Aslam, who has also been two-time state Congress chief and member of Rajay Sabha, said, "Gujjars failed to vote from higher reaches during summers in view of the treat to militancy in 2002 and 1996. They were threatened not to vote and kept away. But, this time they have come down in view of winters to the Valley, it is plus point for me."
A minister in 1987 NC-Congress coalition government, he was first elected to the Assembly from undivided Mendhar-Surankote constituency, which formed one segment.

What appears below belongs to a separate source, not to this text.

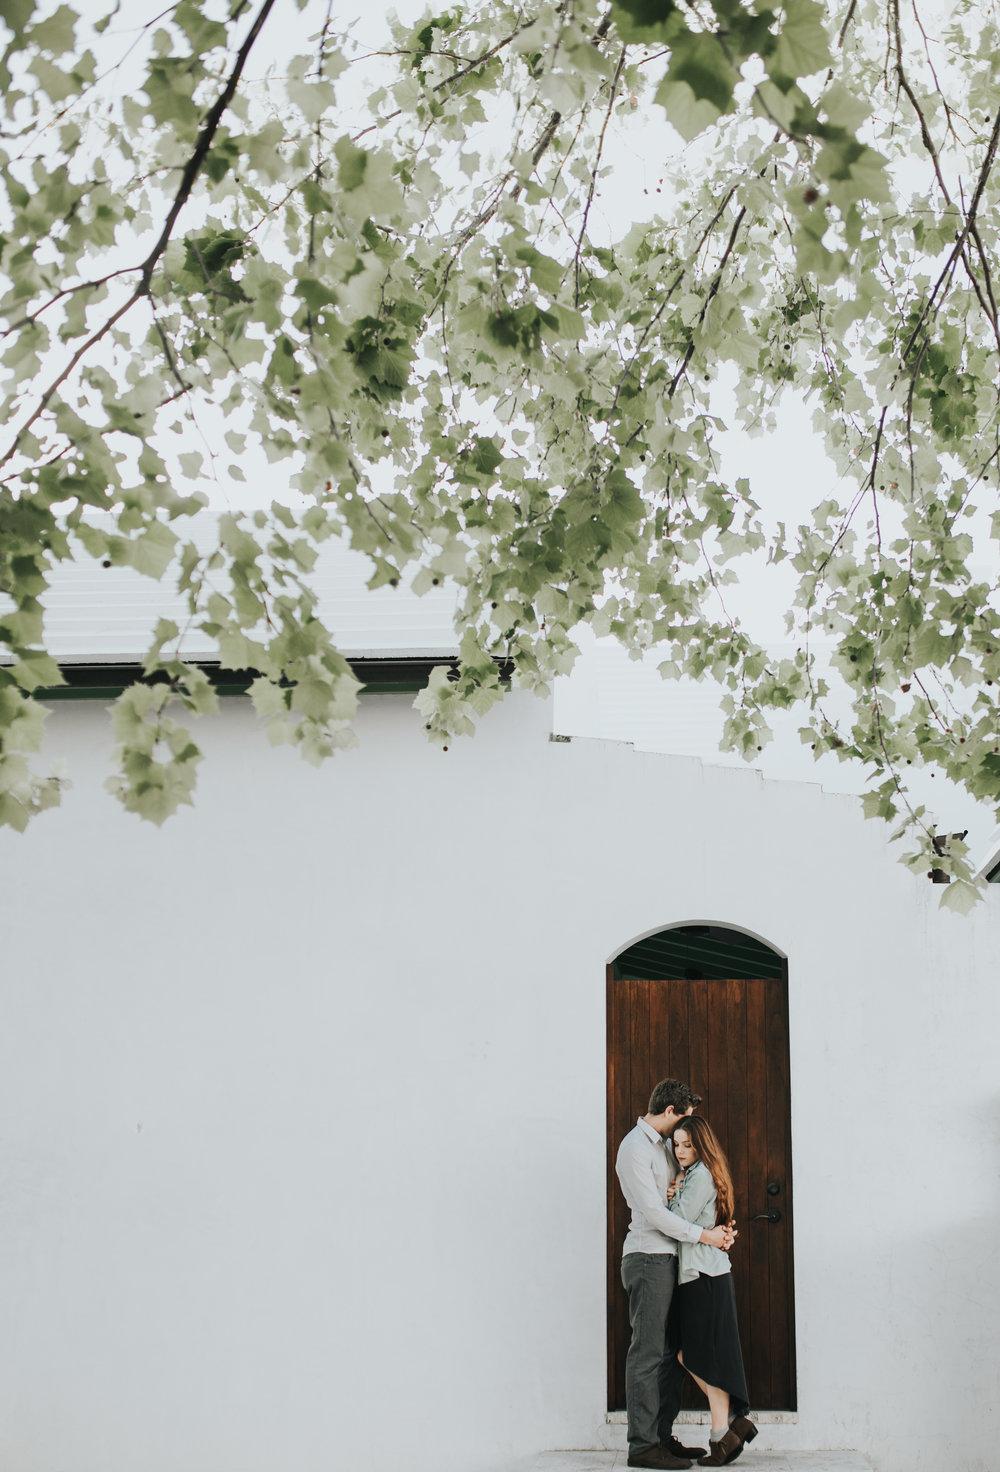 panama-city-beach-florida-wedding-photography-olivia-chandler-engagement-124.jpg

He won the seat again in 1967, 1972 and 1975. Surankote was carved out of mendhar and Aslam became first legislators to be elected from this segment in 1977. He retained the seat in 1983 and 1987.
However, he was defeated in 1996 by NC's Sayed Mushtaq Shah Bukhari with over 9,000 votes in militant-infested Urakote.
The area housed the terror camps and fortification by terrorists on Hill Kaka [Images] area were destroyed and over 80 militants killed under operation 'Sarpvinash' in January 2003.
Aslam was again defeated by a margin of 1,972 votes in 2002. Bukhari, who was a minister in Farooq Abdullah government in 1996 and won the seat in 1996 and 2002, is grandson of the powerful kashmiri leaders in Surankote-poonch, Peer Jamait Ali Shah, who won undivided Mendhar-Surankote seat in 1957 and 1962.
The family has influence among voters belonging to Pahari and Kashmiri community.
But Bukhari would have to overcome anti-incumbency factor to again trounce the Congress veteran.
"I am confident to win the seat. I have done work in constituency. I will have a hat-trick," he said, claiming that there was no anti-incumbency factor against him.
Bukhari also has other rivals including his cousin, Mumtaz Ahmed bukhari, a retired surgeon, who has jumped into fray as a PDP candidate.
With both eyeing Kashmiri-pahari voters, it could adversely affect Bukhari's chances, according to observers. While Pahari speaking people traditionally back NC candidate, the Gujjars tend to support Aslam, they said.
About 38 per cent population in Surankote segment is Gujjar mostly in areas of Hari Marhot, Pir Panjal mountains and entire belt across Suran river. About 18 per cent of voter population is kashmiri, which is spread over Bafliaz, Marha and Bushana. While nearly 20 per cent of the electorate are Muslim Rajputs, seven per cent are Pahari speaking people.
The Surankote valley stll lags behind in development with poor water and power supply, road connectivity, educational and health care system. Aslam, Bukhari and Mumtaz face eight other candidates, including Andul Aziz Bhat (BJP), Jameel Hussain (Panthar party) and Shareef Shad (BSP).
77,822 voters will decide the fate of 11 candidates in fray. 117 polling stations have been set up.